We use the provided dataset and perform preprocessing: lowercasing, whitespace & URL cleanup, and dropping empties. We also document tokenization choices (T5 tokenizer).


In [1]:

import pandas as pd, numpy as np, re
from sklearn.model_selection import train_test_split

DATA_PATH = "data/mental_health_training_expanded.csv"
df = pd.read_csv(DATA_PATH)

print("Columns:", list(df.columns))
df.head()


Columns: ['question', 'answer', 'pattern', 'tag']


Unnamed: 0,question,answer,pattern,tag
0,what if i feel lonely,"A lot of people are alone right now, but we do...",what if i feel lonely,fact-30
1,i'm so angry,Would writing a draft message (that you don’t ...,i'm so angry,anger
2,everyone is better than me,Let’s gently check the evidence for and agains...,everyone is better than me,worthless
3,i keep crying for no reason,Would talking through today help a little? I'm...,i keep crying for no reason,sad
4,nothing much,Oh I see. Do you want to talk about something?,nothing much,neutral-response


In [2]:
# --- Robust column selection + cleaning (refactor of your block) ---

import re
import pandas as pd

# 1) Pick columns robustly (uses common aliases)
INPUT_ALIASES  = ["question", "pattern", "text", "prompt", "input"]
TARGET_ALIASES = ["answer", "response", "target", "label", "tag", "output"]
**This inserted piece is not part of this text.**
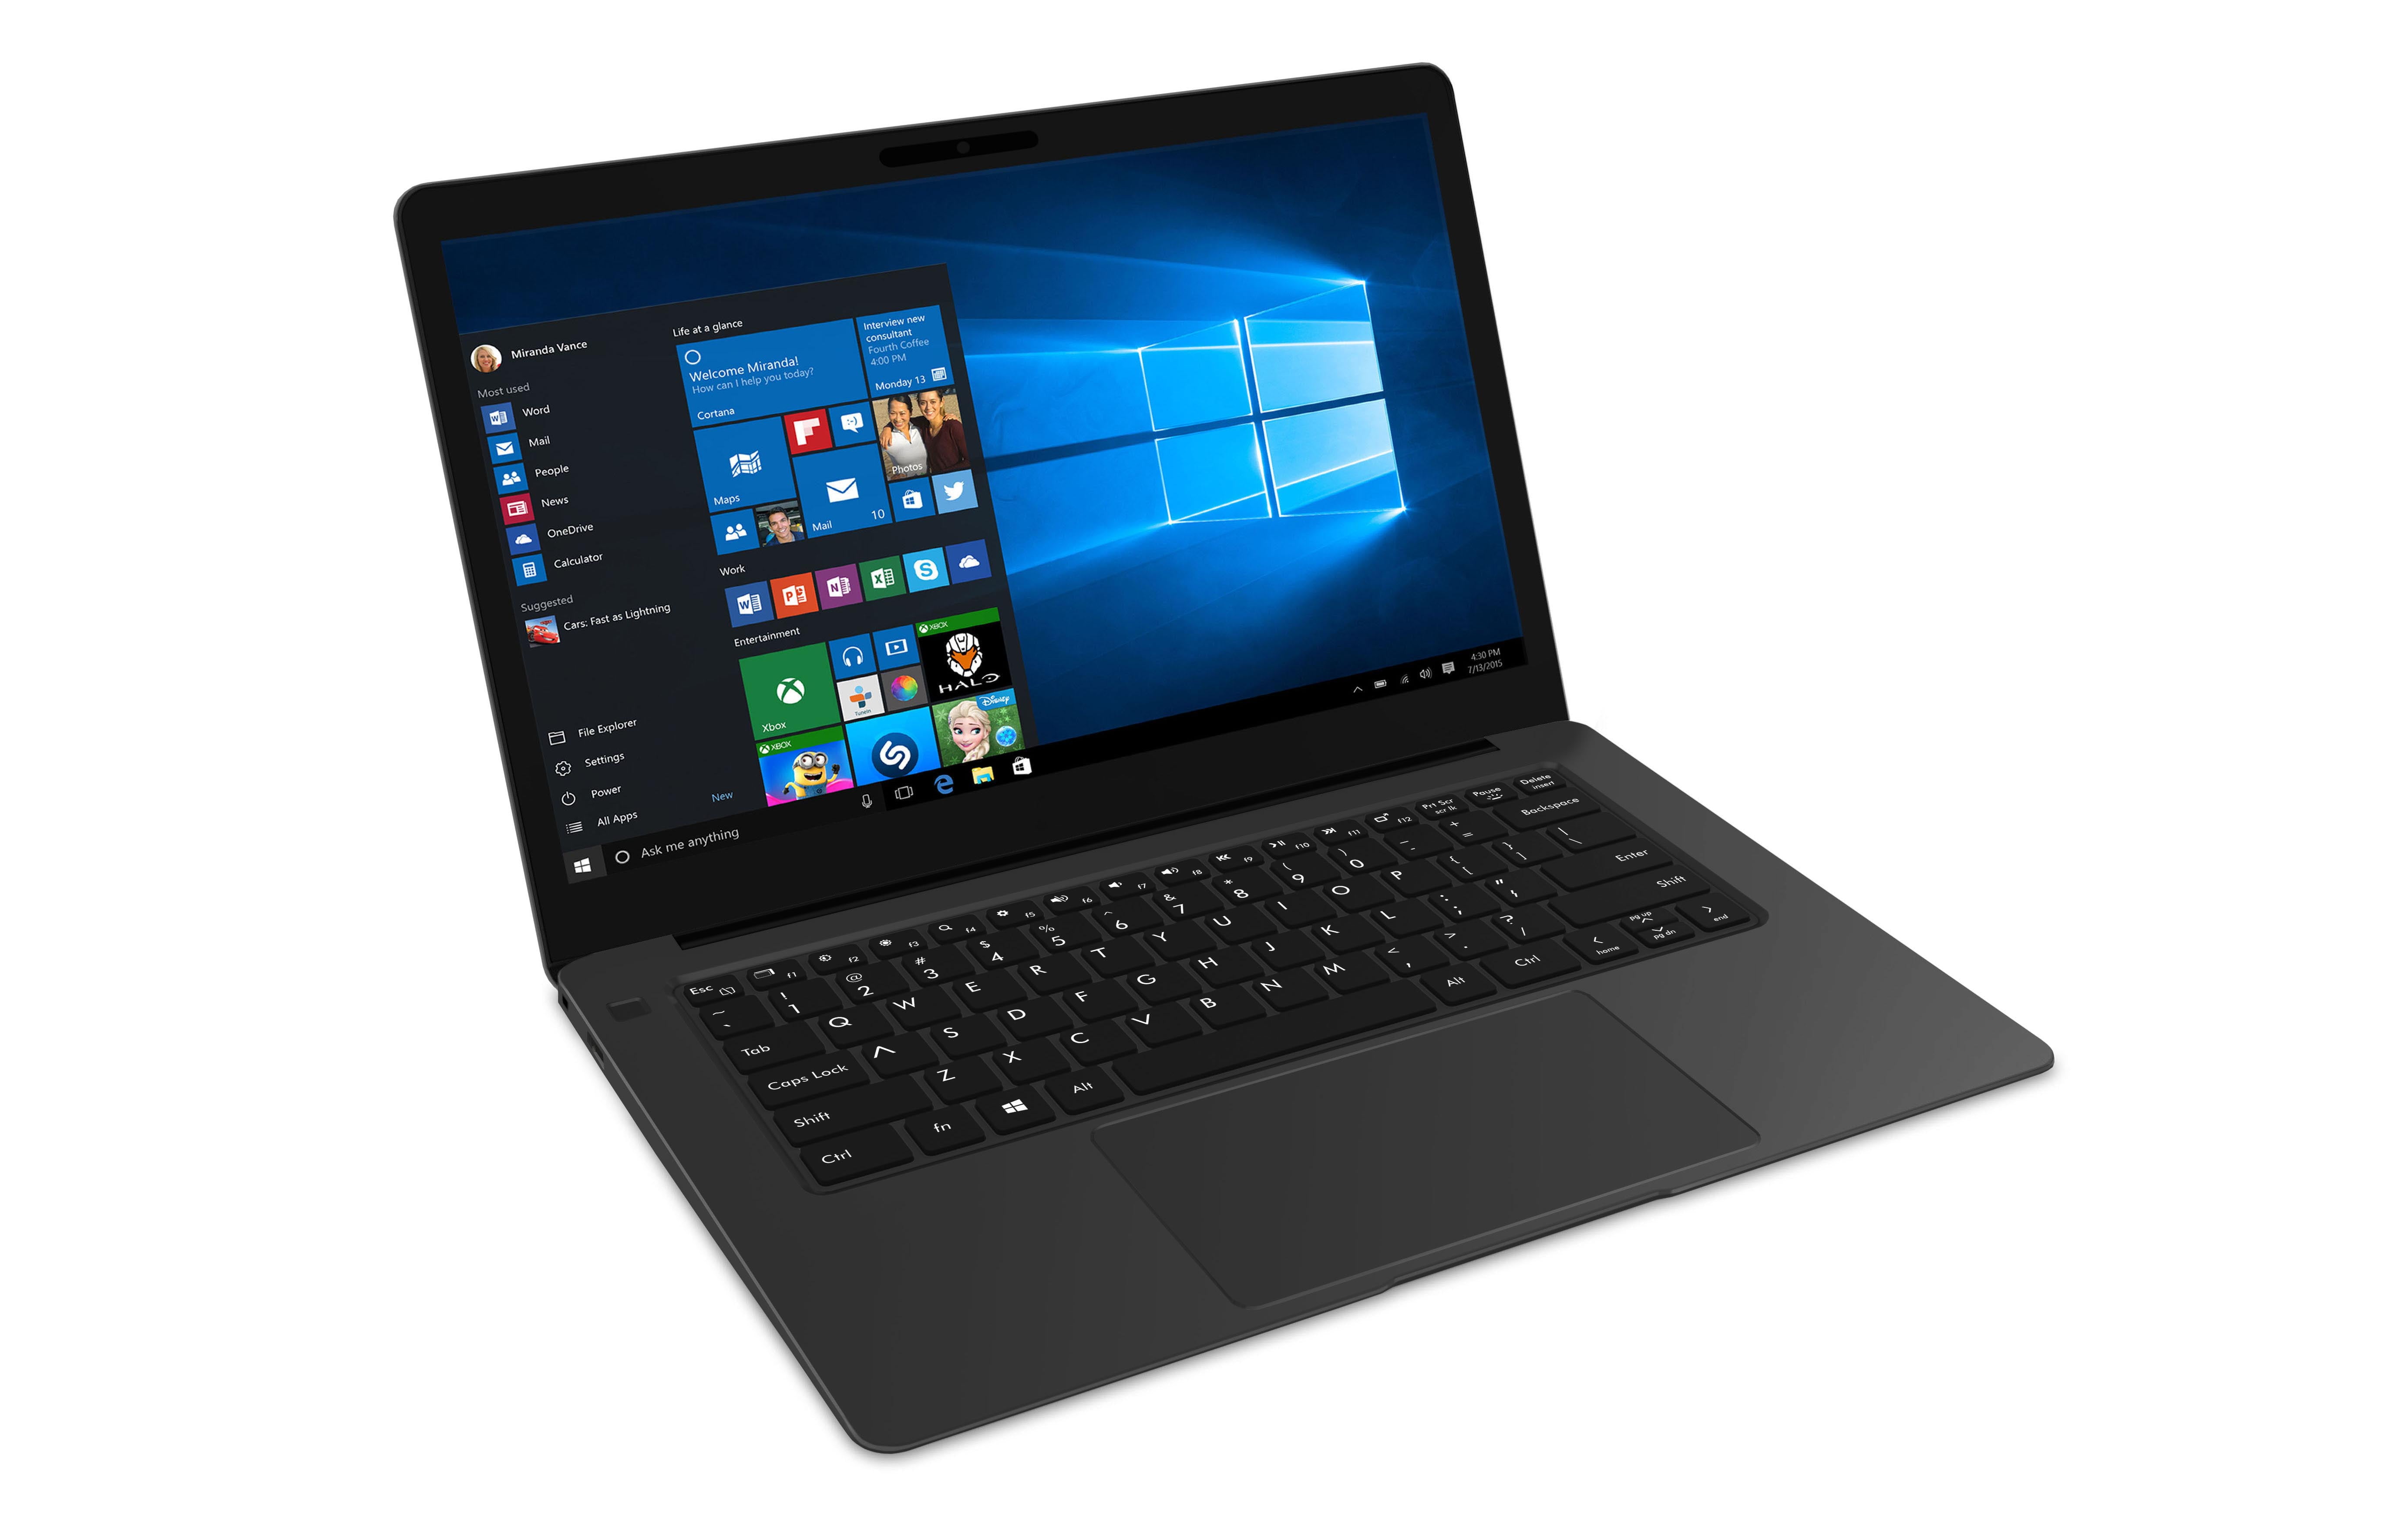 AVITA 14 Laptop, Windows 10, Intel Core i5 Processor, 8GB RAM, 128GB SSD Storage, All Metal - Silver - Walmart.com

def pick_col(df, aliases, fallback):
    cols_lower = {c.lower(): c for c in df.columns}
    for a in aliases:
        if a in cols_lower:
            return cols_lower[a]
    # try contains-based match (e.g., "user_question")
    for a in aliases:
        for c in df.columns:
            if a in c.lower():
                return c
    # fallback (will raise if missing)
    if fallback in df.columns:
        return fallback
    raise KeyError(
        f"None of {aliases} found in columns {list(df.columns)} and fallback '{fallback}' not present."
    )

input_col  = pick_col(df, INPUT_ALIASES,  "question")
target_col = pick_col(df, TARGET_ALIASES, "answer")
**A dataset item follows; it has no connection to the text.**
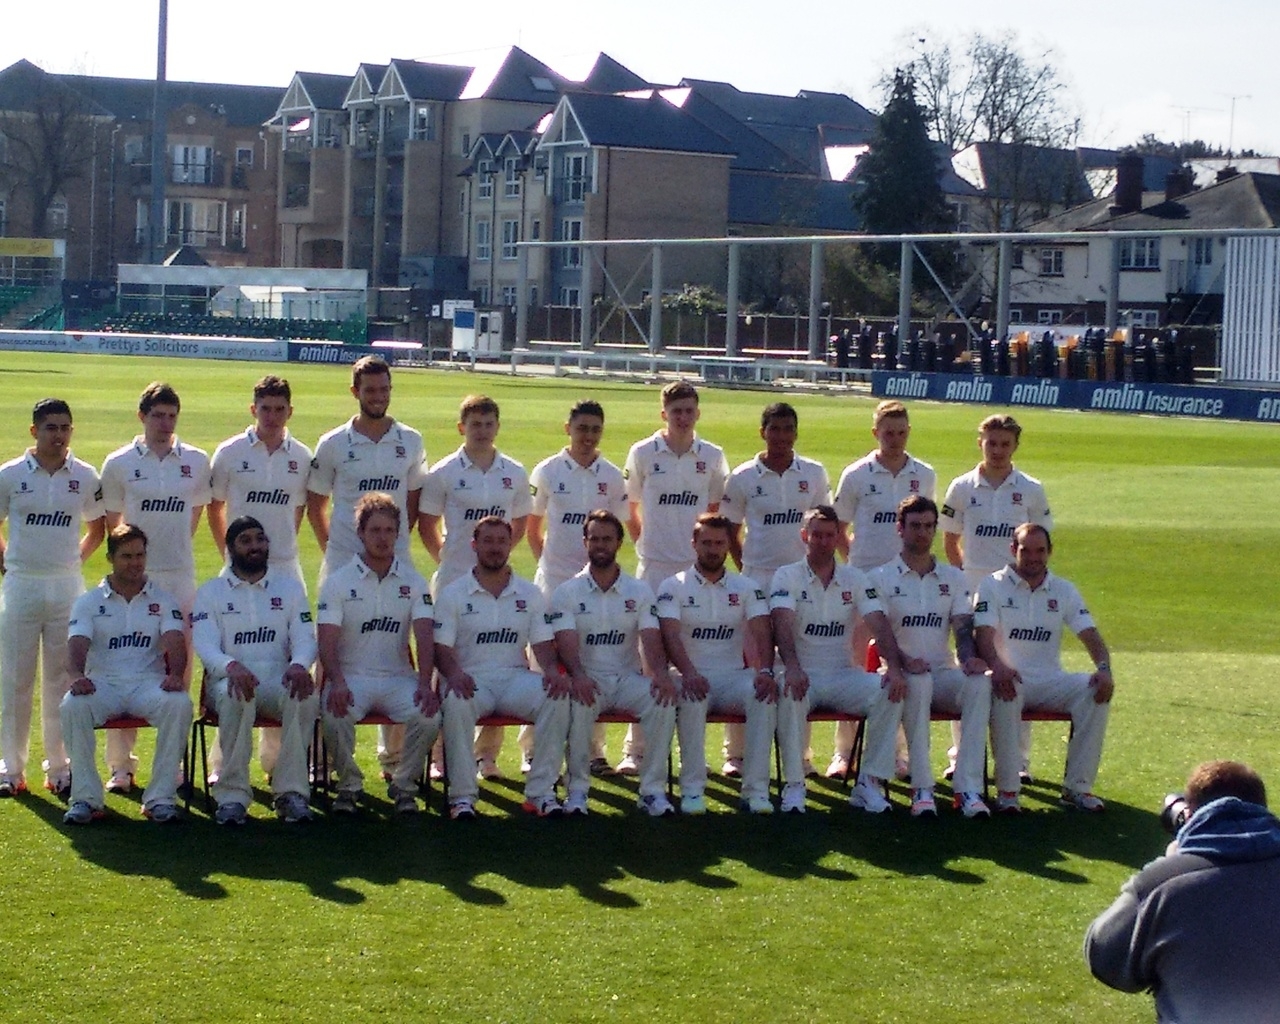 Essex Cricket Team for 1280 x 1024 resolution

print(f"Using input column:  {input_col}")
print(f"Using target column: {target_col}")

# 2) Cleaning helpers
URL_RE   = re.compile(r"http\S+|www\.\S+", flags=re.IGNORECASE)
SPACE_RE = re.compile(r"\s+")

def clean_text(x, lower=False):
    if pd.isna(x):
        return ""
    s = str(x)
    s = URL_RE.sub("", s)
    s = SPACE_RE.sub(" ", s).strip()
    return s.lower() if lower else s

# 3) Subset, clean, and sanitize
df = df[[input_col, target_col]].copy()
df[input_col]  = df[input_col].map(lambda t: clean_text(t, lower=True))   # lower input only
df[target_col] = df[target_col].map(clean_text)                            # keep target case

# 4) Drop empties and duplicates
before = len(df)
df = df[(df[input_col] != "") & (df[target_col] != "")]
df = df.drop_duplicates(subset=[input_col, target_col]).reset_index(drop=True)

print(f"Rows kept: {len(df)}/{before} (removed {before - len(df)})")
print("Sample:")
display(df.head(5))  # comment out if not in notebook


Using input column:  question
Using target column: answer
Rows kept: 941/941 (removed 0)
Sample:


Unnamed: 0,question,answer
0,what if i feel lonely,"A lot of people are alone right now, but we do..."
1,i'm so angry,Would writing a draft message (that you don’t ...
2,everyone is better than me,Let’s gently check the evidence for and agains...
3,i keep crying for no reason,Would talking through today help a little? I'm...
4,nothing much,Oh I see. Do you want to talk about something?



## 2. Model & Tokenization (T5-small, TensorFlow)

We use `T5-small` with the Hugging Face `transformers` library. We prefix inputs to guide the model (prompting) and create TensorFlow datasets for training and validation.


In [3]:
# --- Refactor of your tokenization + dataset block (PyTorch-compatible) ---
# pip install -U datasets
import numpy as np
from datasets import Dataset
from transformers import AutoTokenizer, DataCollatorForSeq2Seq
from sklearn.model_selection import train_test_split

model_name = "google/flan-t5-base"
tokenizer = AutoTokenizer.from_pretrained(model_name)
max_input_len = 256
max_target_len = 128
PREFIX = "mental health support: "

# 1) Build input/target lists
inputs  = (PREFIX + df[input_col]).tolist()
targets = df[target_col].tolist()

# 2) Train/val split
X_train, X_val, y_train, y_val = train_test_split(
    inputs, targets, test_size=0.1, random_state=42, stratify=None
)

# 3) HF Datasets from lists
train_raw = Dataset.from_dict({"src": X_train, "tgt": y_train})
val_raw   = Dataset.from_dict({"src": X_val,   "tgt": y_val})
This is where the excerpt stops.